US 'app' lawsuit against Amazon will 'crimp' retailer's aspirations

Children's ability to buy apps from Amazon, using parents' accounts without authorization, lands the online retailer in hot water with the FTC, which has sued it. How much will the suit slow Amazon's bid to expand into the app industry?

Ted S. Warren/AP/File
Ralph de la Vega, left, President and CEO of AT&T Mobility, accepts a gift from Amazon CEO Jeff Bezos, right, of what Bezos said is the first Amazon Fire Phone off the assembly line at the launch event for the smartphone, last month in Seattle.

A federal lawsuit against online retail giant Amazon has the potential to damage the company’s growing mobile in-app business, imperiling its efforts to catch up to Apple and Google Play in this burgeoning industry.

The US Federal Trade Commission alleges, in court papers filed Thursday, that Amazon’s in-app purchase process makes it too easy for children to buy apps that are not authorized by their parents. Amazon has reaped millions of dollars since November 2011 from purchases that weren't confirmed by their accountholders, the FTC charges.

“Amazon’s in-app system allowed children to incur unlimited charges on their parents’ accounts without permission. Even Amazon's own employees recognized the serious problem its process created,” FTC Chairwoman Edith Ramirez said in a statement.

Amazon refutes the allegations and says it installed a password system in March 2012 for purchases of more than $20. The company also says it has offered refunds to customers who have complained. The FTC counters that those steps did not stem the flow of children's unlimited and unauthorized spending on products that are “final and non-refundable.” 

According to the FTC, Amazon keeps about 30 percent of revenues resulting from in-app purchases made on its site – and the market appears poised for massive growth in the US. More than 41 percent of all revenues for mobile games industrywide last year came from in-app purchases, market research company eMarketer reported in December. It forecasts that in-app revenues will rise to nearly 48 percent of total revenues by 2017.

What makes in-apps so lucrative is that they are “impulse services” that appeal to children, says P.K. Kannan, chairman of the marketing science department at the University of Maryland in College Park.

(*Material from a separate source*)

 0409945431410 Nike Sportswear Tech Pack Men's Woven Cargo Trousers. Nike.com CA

“Amazon is trying very hard to get a foothold in the market and become a big player in mobile backend services, and any FTC-related issues that put more constraints on its business model will put a crimp in how [Amazon] can attract mobile [software] developers to be a part of this service,” Professor Kannan says.

Most in-apps can be downloaded to mobile devices such as the Kindle Fire and iPad for free. However, to engage the games or services on a deeper level, accountholders must buy virtual currency, or points.

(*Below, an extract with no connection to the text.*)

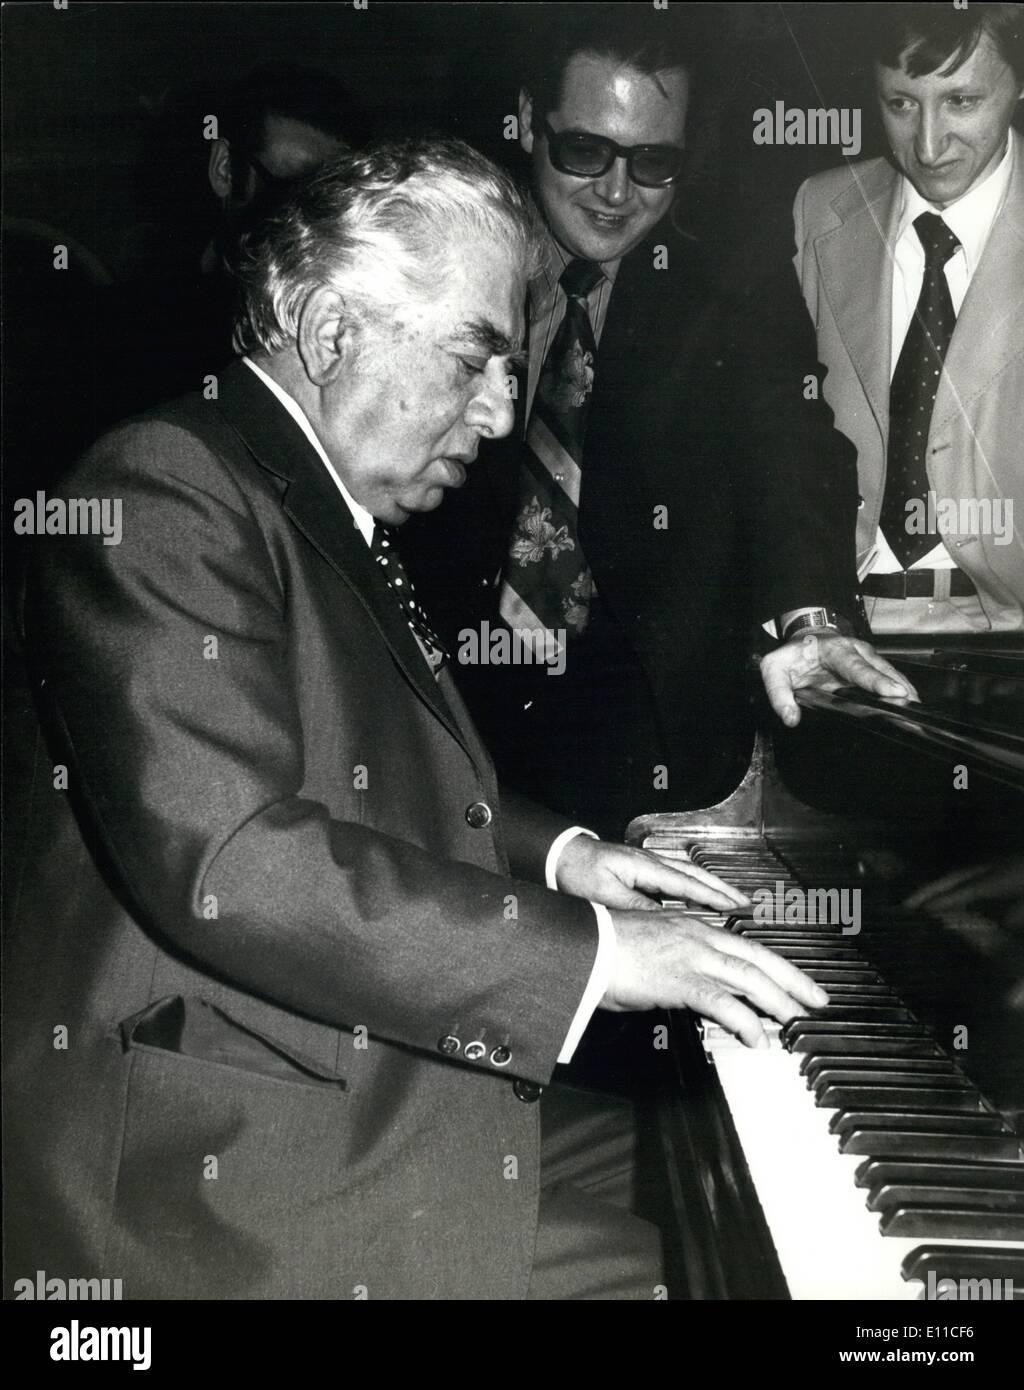 1 Januar 1977 Russischen Komponisten Aram Chatschaturjan In

The Amazon App Store lags market leader Apple, which controls more than half the market, and Google Play. However, last year Amazon announced that it is expanding its service to 200 countries. Amazon’s commitment to in-app retailing was also confirmed in June, when it announced its first branded mobile phone, which will be marketed as the primary platform for the company’s app store.

In a letter last week to the FTC, Amazon said its app retailing process is “responsible, customer-focused, and lawful” and offers “effective parental controls, real-time notice of every in-app purchase, and world-class customer service.”

In its complaint filed in a federal district court in Washington, the FTC says it wants the company to issue refunds for consumers, as well as a court order forcing Amazon to install password requirements on in-app charges, especially for apps that appeal to children. The commission cited internal Amazon employee e-mails that show the company is aware of the problem.

Amazon will find it difficult to prove that unlimited purchases under $20 are not harmful for its accountholders, Kannan says.

“When it comes to kids, you’re on shaky ground because they are really impulse services, and kids can really fall into a trap,” he says. “Parents will tolerate it to the extent of small purchases, but when they add up to $200, it becomes a big deal.”